Distress signals

There can be few scarier concepts for a home owner than repossession. Losing the property you call home and being forced into an unknown future is a prospect no one wishes to face. Yet, with five Bank Base Rate increases in 11 months, the screw is tightening on many people’s finances and along with it, their ability to meet mortgage repayments. As such, lenders and intermediaries are bracing themselves for a rise in repossession figures later in the year as the effects of the rises start to properly kick in.

Threat masked?

Yet, is the true threat repossession poses being masked? Moore Blatch believes so and claims the number of forced sales belies the potential for repossessions. It says at least an equal number of forced sales occur for every repossession and figures fail to take into account the ‘hidden majority’ of sales to avoid a repossession occurring.

It points to the Department of Constitutional Affairs figures for 2006 that recorded the highest number of Court possession orders since 1993 at 89,857. Of these, 19 per cent resulted in the repossession of the property compared to 56 per cent of the 105, 283 possession orders made in 1993.

However, Ray Boulger, senior technical manager for John Charcol, rubbishes the idea figures are being skewed and points out that the early 1990s was a very different market. He says: “Anyone struggling with repayments is going to be better off selling their property and the advice brokers will give those struggling with repayments is to downsize. If you compare figures now to previous ones, there is no reason why there should be significantly more or less people selling to avoid repossession.”

While Boulger admits the housing market is not as good as it has been, he maintains: “People are more financially aware than in the 90s with arguably better advice. If people are selling before they get repossessed, they will come out better because there are all sorts of costs that get added in repossessing and ultimately the borrower comes out worse.”

Distress sales

Darren Pescod, managing director of The Mortgage Broker Ltd, backs Boulger’s comments and highlights a growing industry of companies aggressively marketing ‘distress sales’ where the company buys the house from the owner and rents it back.

He says: “These companies are popping up everywhere. They buy the property at a 15 to 20 per cent discount and then the person pays rent and they don’t have to move. For the right people in the right circumstances, such as if they are under imminent threat of repossession in the next seven days, it has to be a legitimate option. But for other people, why sell under value? Why not sell for market value and realise the cash.”

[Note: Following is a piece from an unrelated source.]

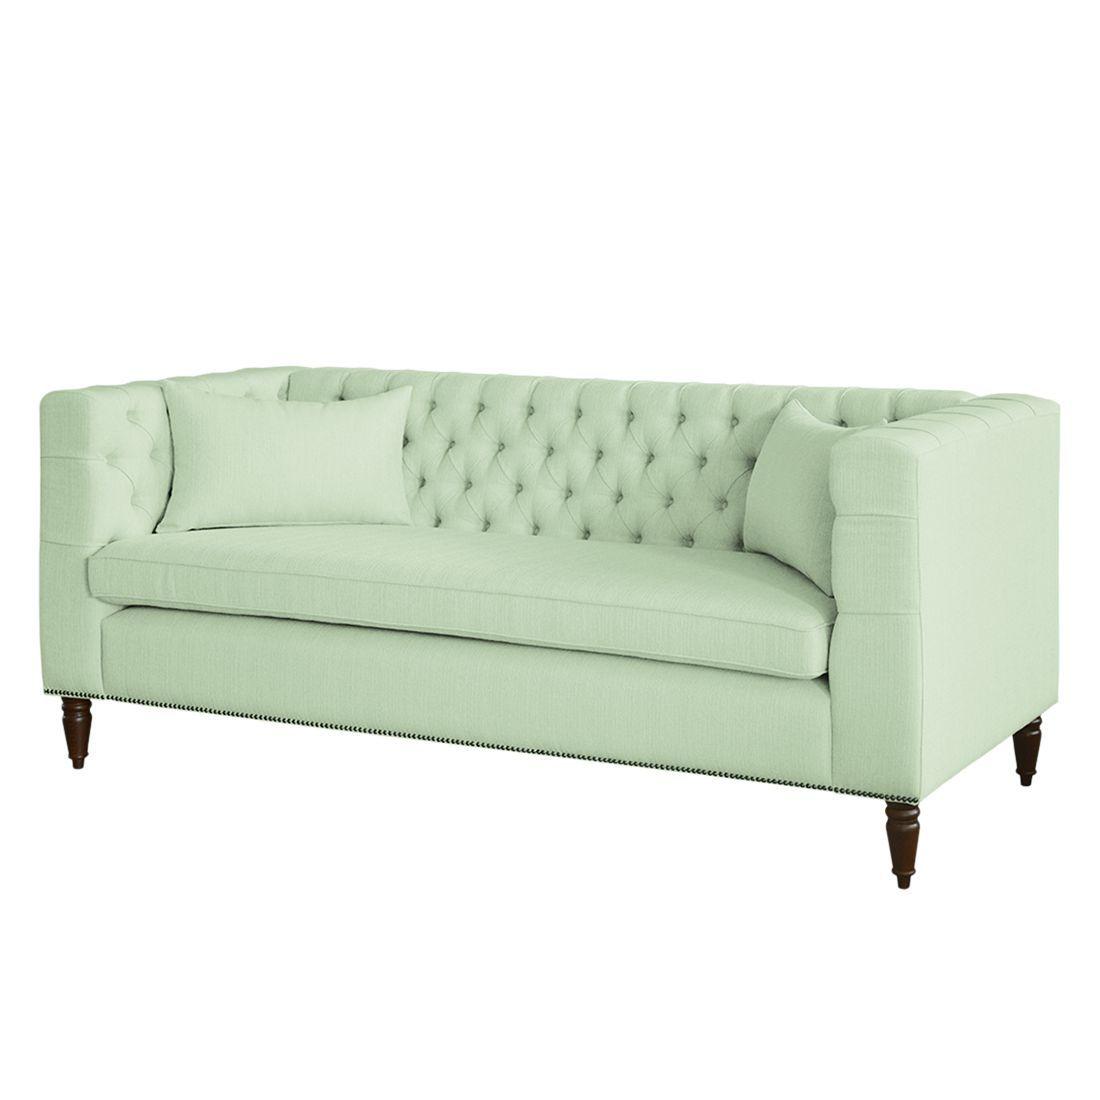 Ensemble De Salon Sherbrooke 3 2 In 2020 Sofas Big Sofa Kaufen Und 3 Sitzer Sofa

Yet, even with selling up, Pescod notes that things are never simple, as getting a tenancy could prove easier said than done with the credit checks landlords routinely run nowadays.

Colin Snowdon, chief executive of Wave, comments: “We are coming out of the part of the cycle that’s been incredibly benign and moving into a more challenging cycle. However, we must remember the repossession figures will be rising from a very low base. Things are going to get tougher and not just for the mortgage industry.”

On the verge of a crisis?

Matthew Wyles, group development director at Portman BS, agrees, and says it will be the unsecured lenders that will feel the pain of defaults first. He adds that he has seen no evidence to suggest forced sales are mounting, but notes: “There is some evidence that amateur landlords are getting shaken out of the market as it becomes less economically compelling, and if a lender has done a lot of lending with high multiples, then that also might cause issues. However, do I think we are on the verge of a credit crisis? No, I don’t.”

Snowdon also defends any suggestion that lenders do not take affordability seriously and are lending too liberally to borrowers. He says: “There are bound to be some people that can’t afford the mortgage, yet lenders do everything they can to avoid it. Repossessions are not just caused by affordability, but such events as a break down or losing a job; it’s not just the effect of rising interest rates. That just piles on the pressure.”

So, while a rise in repossession appears inevitable, everyone knows that it is in no one’s interest for it to happen. At such a time, advice for struggling borrowers is paramount before the situation gets too bad, and brokers would do well to keep tabs on customers who may be feeling the strain. A forced sale may not be a palatable idea, but it remains far better than a repossession for all concerned.